## Source data
'''
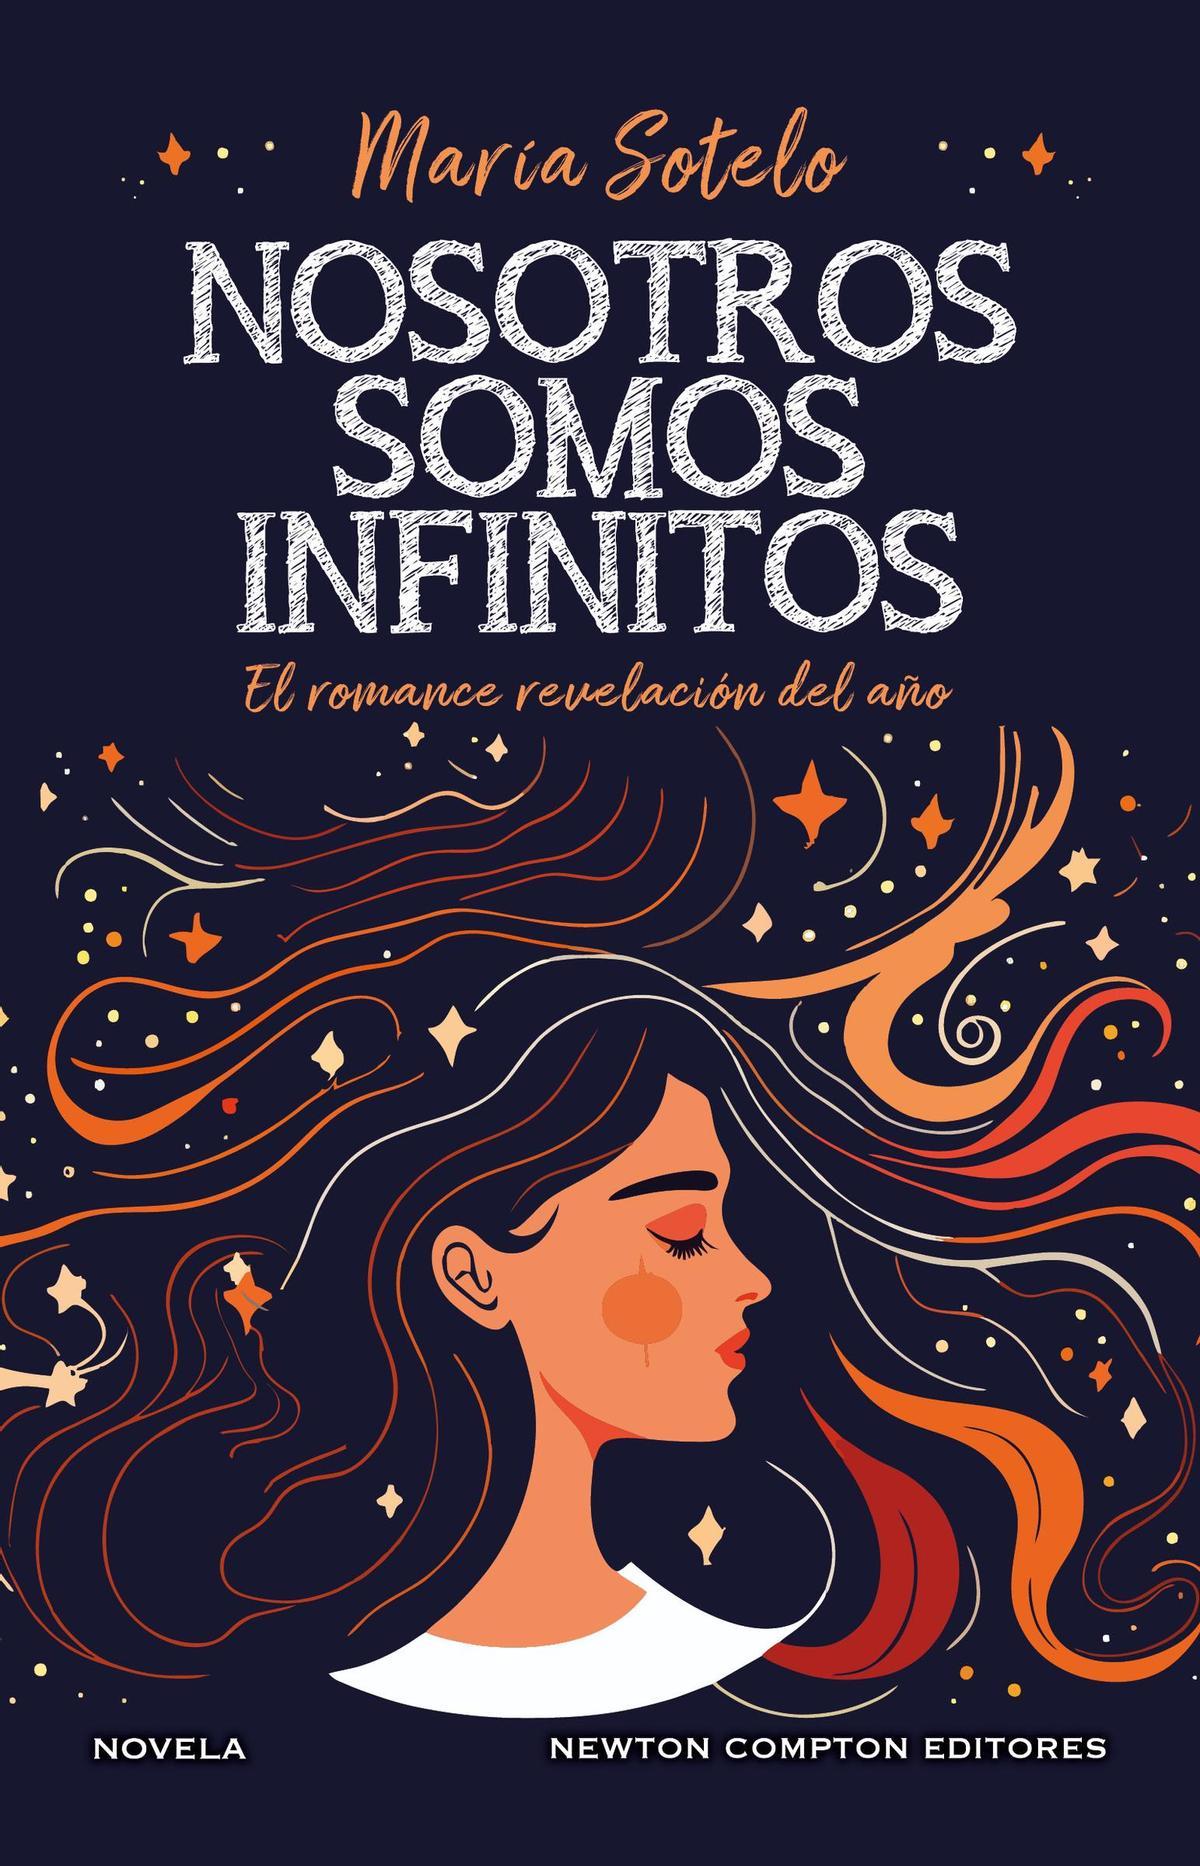 Portada del libro de María Sotelo, &quot;Nosotros somos infinitos&quot;
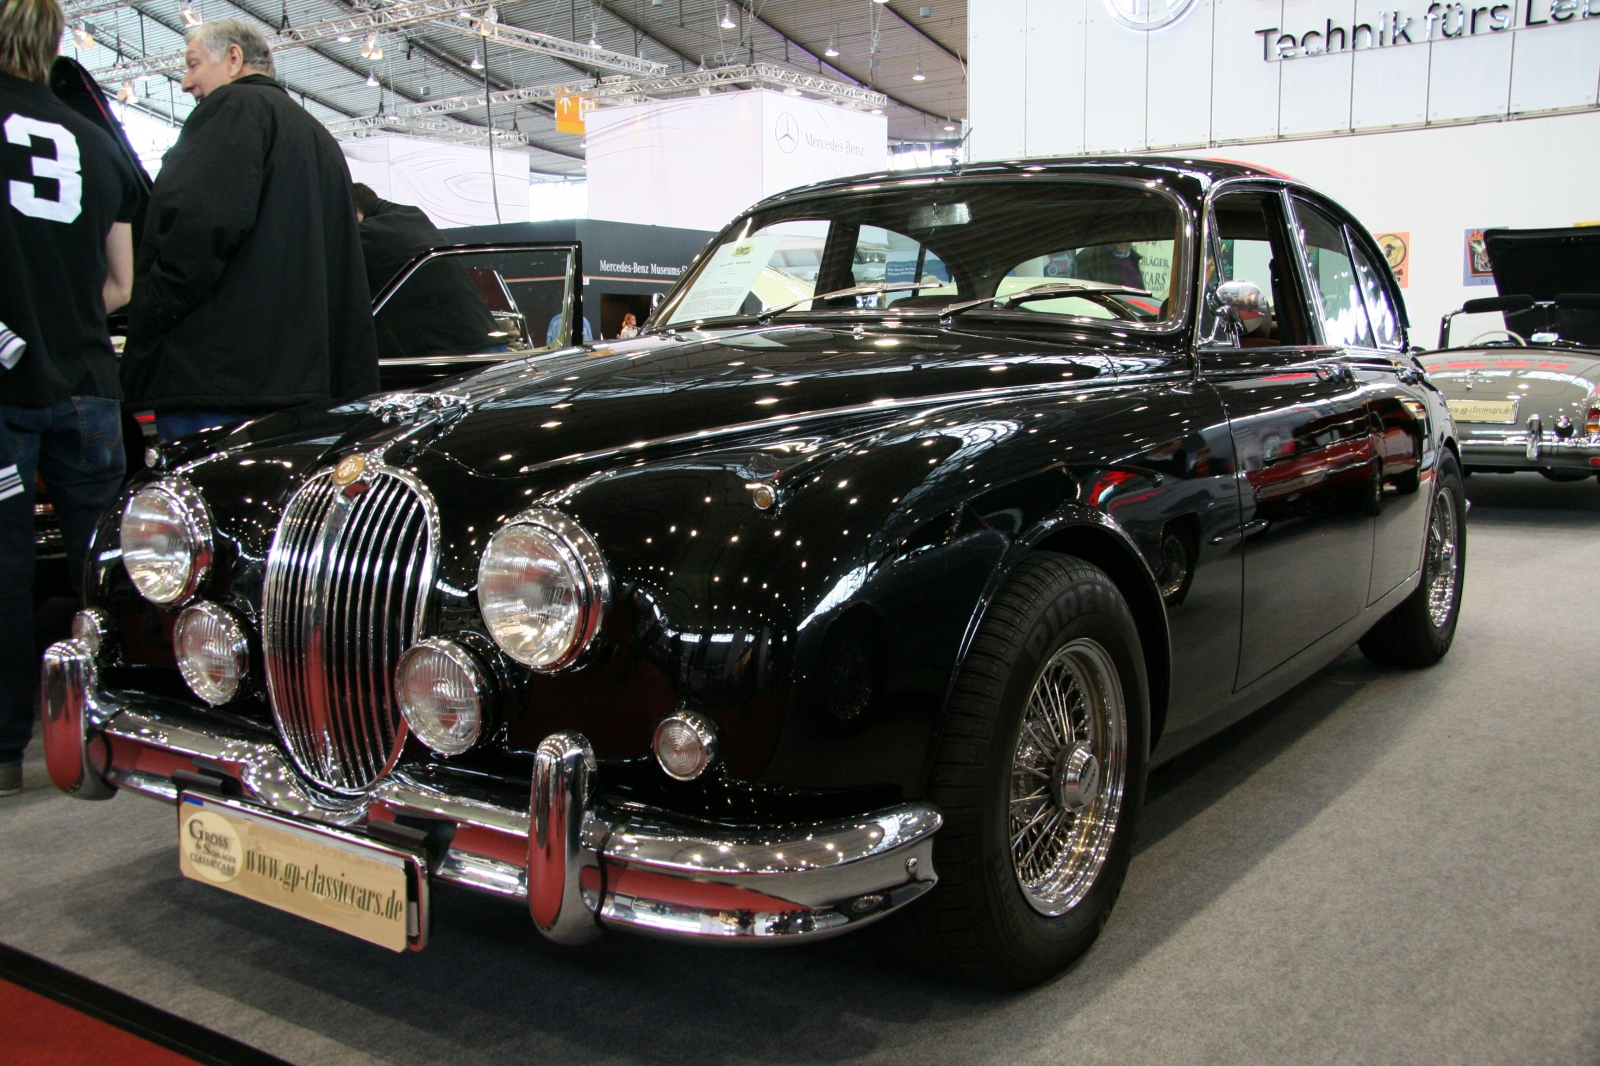 Jaguar Mk 2
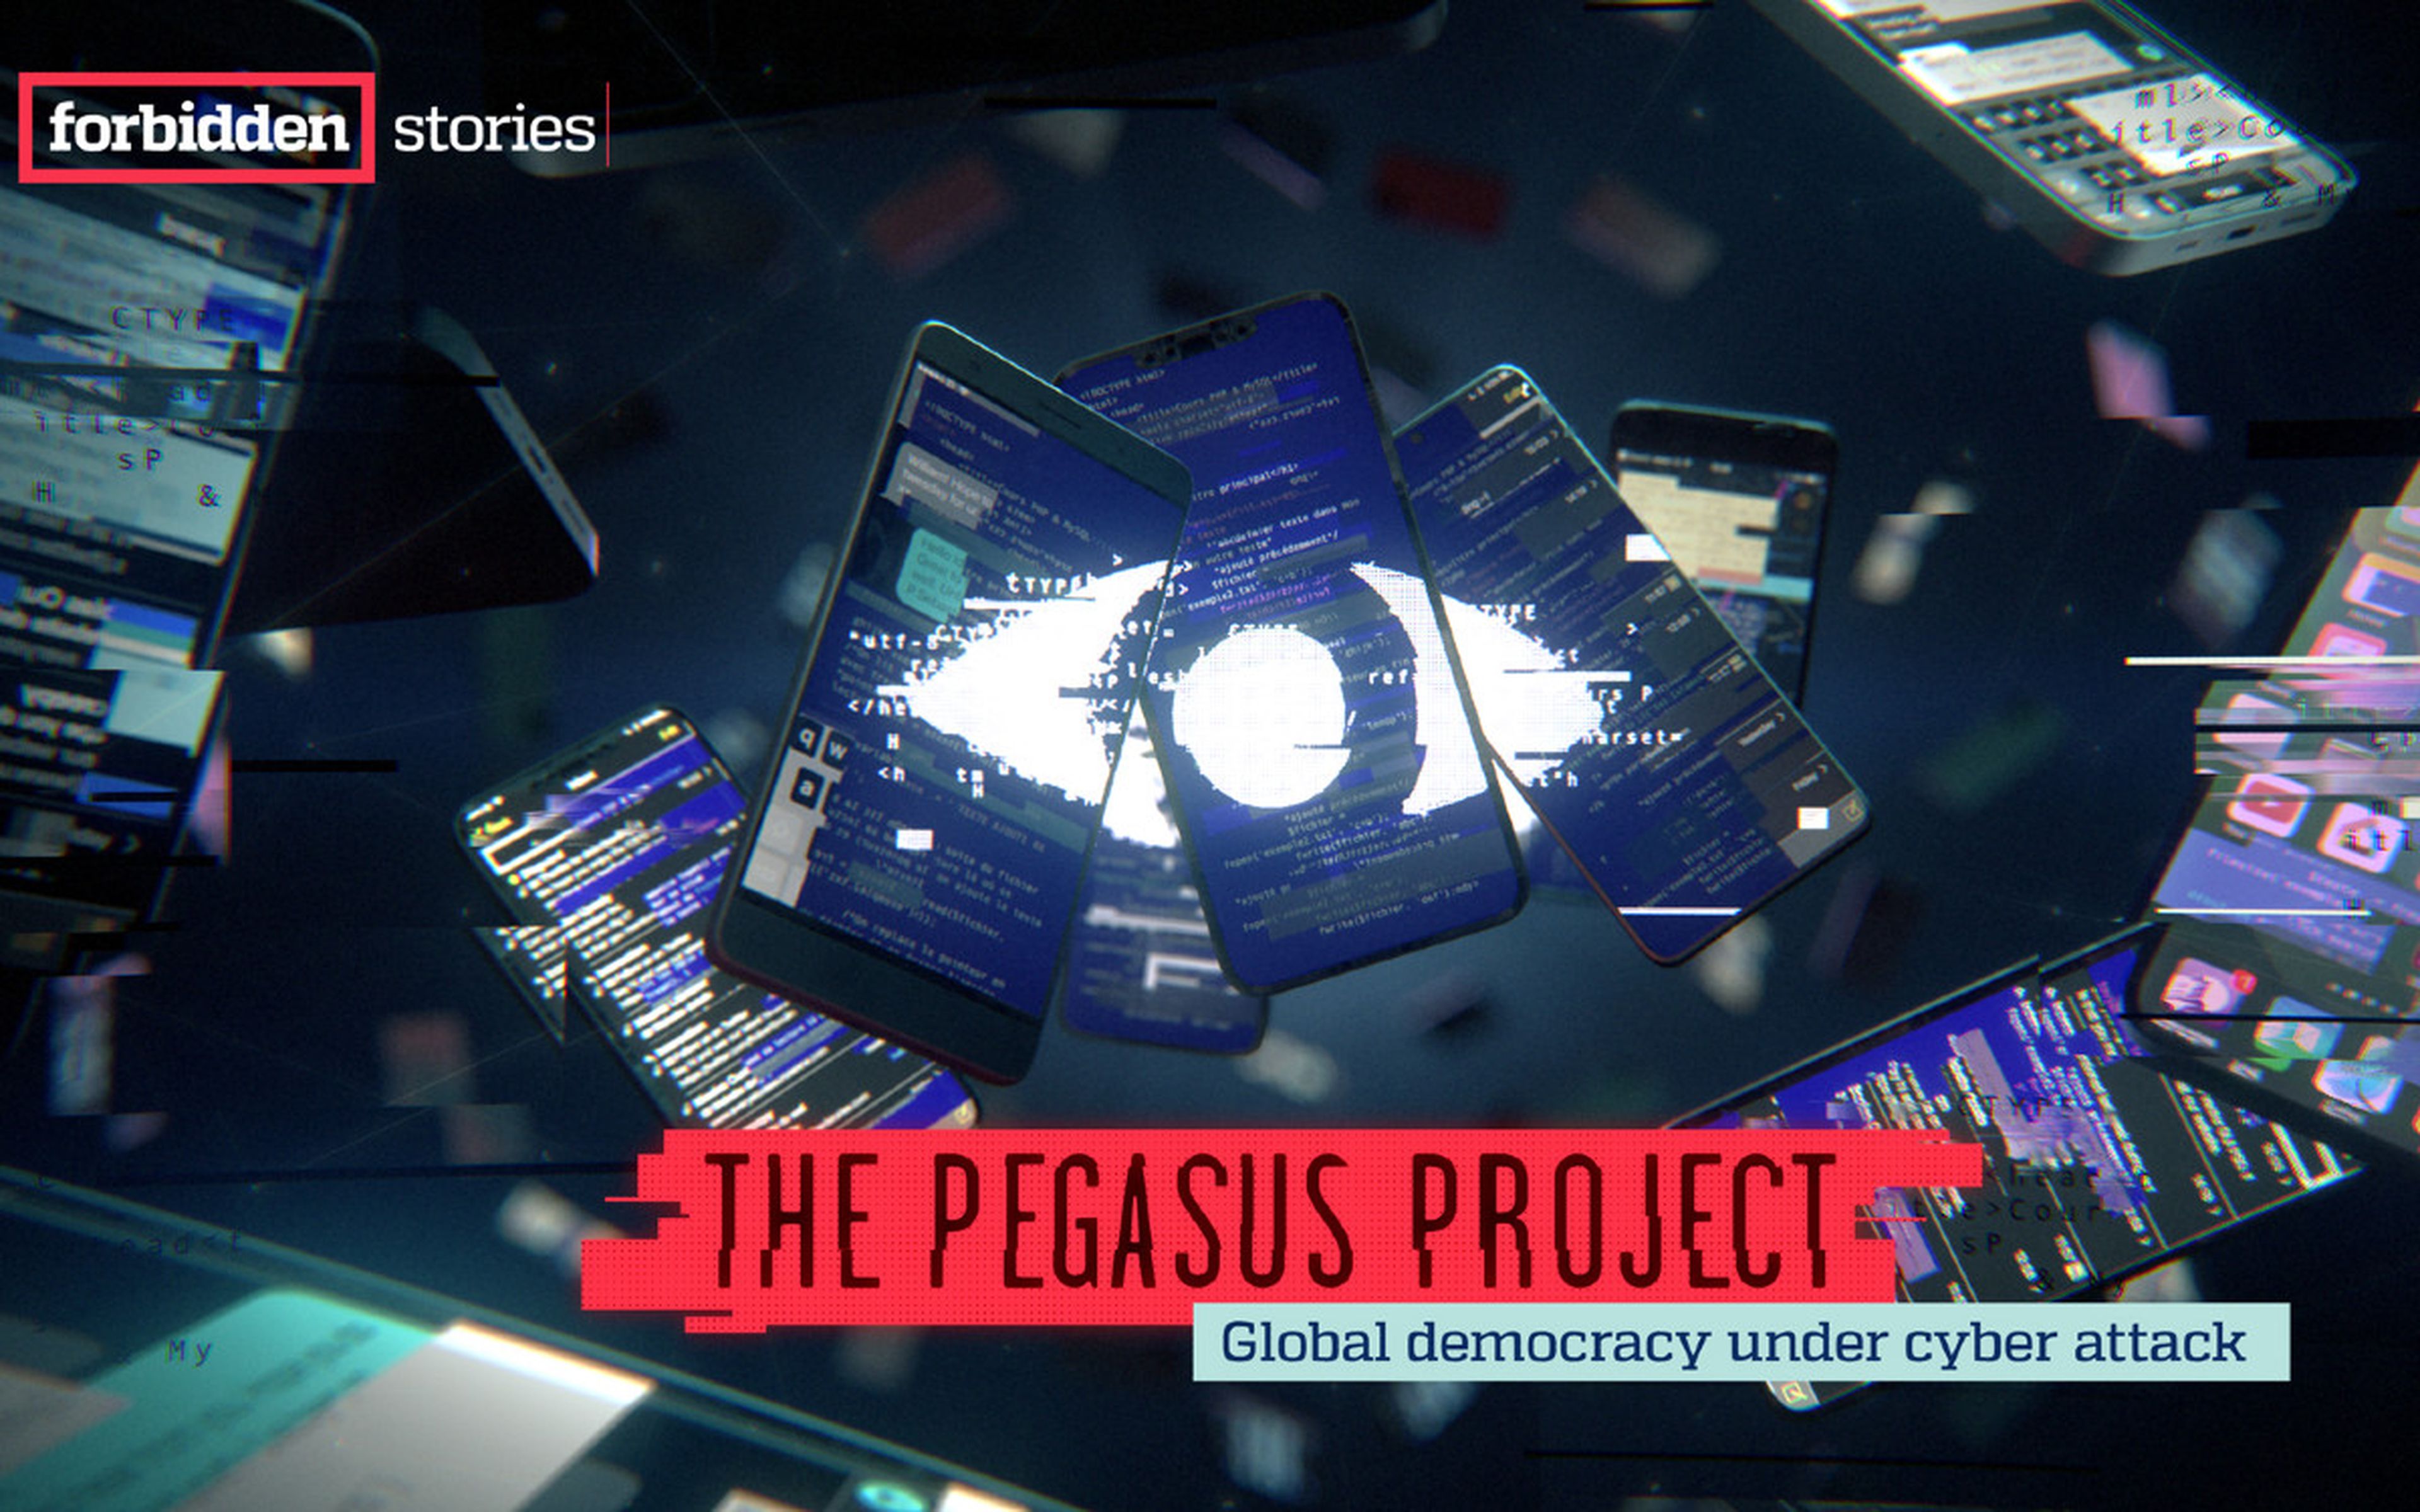 Imagen oficial del Proyecto Pegasus
'''
## Work item
With the pictures removed, copy the data above word for word.

## Response for this exercise
 Portada del libro de María Sotelo, &quot;Nosotros somos infinitos&quot;
 Jaguar Mk 2
 Imagen oficial del Proyecto Pegasus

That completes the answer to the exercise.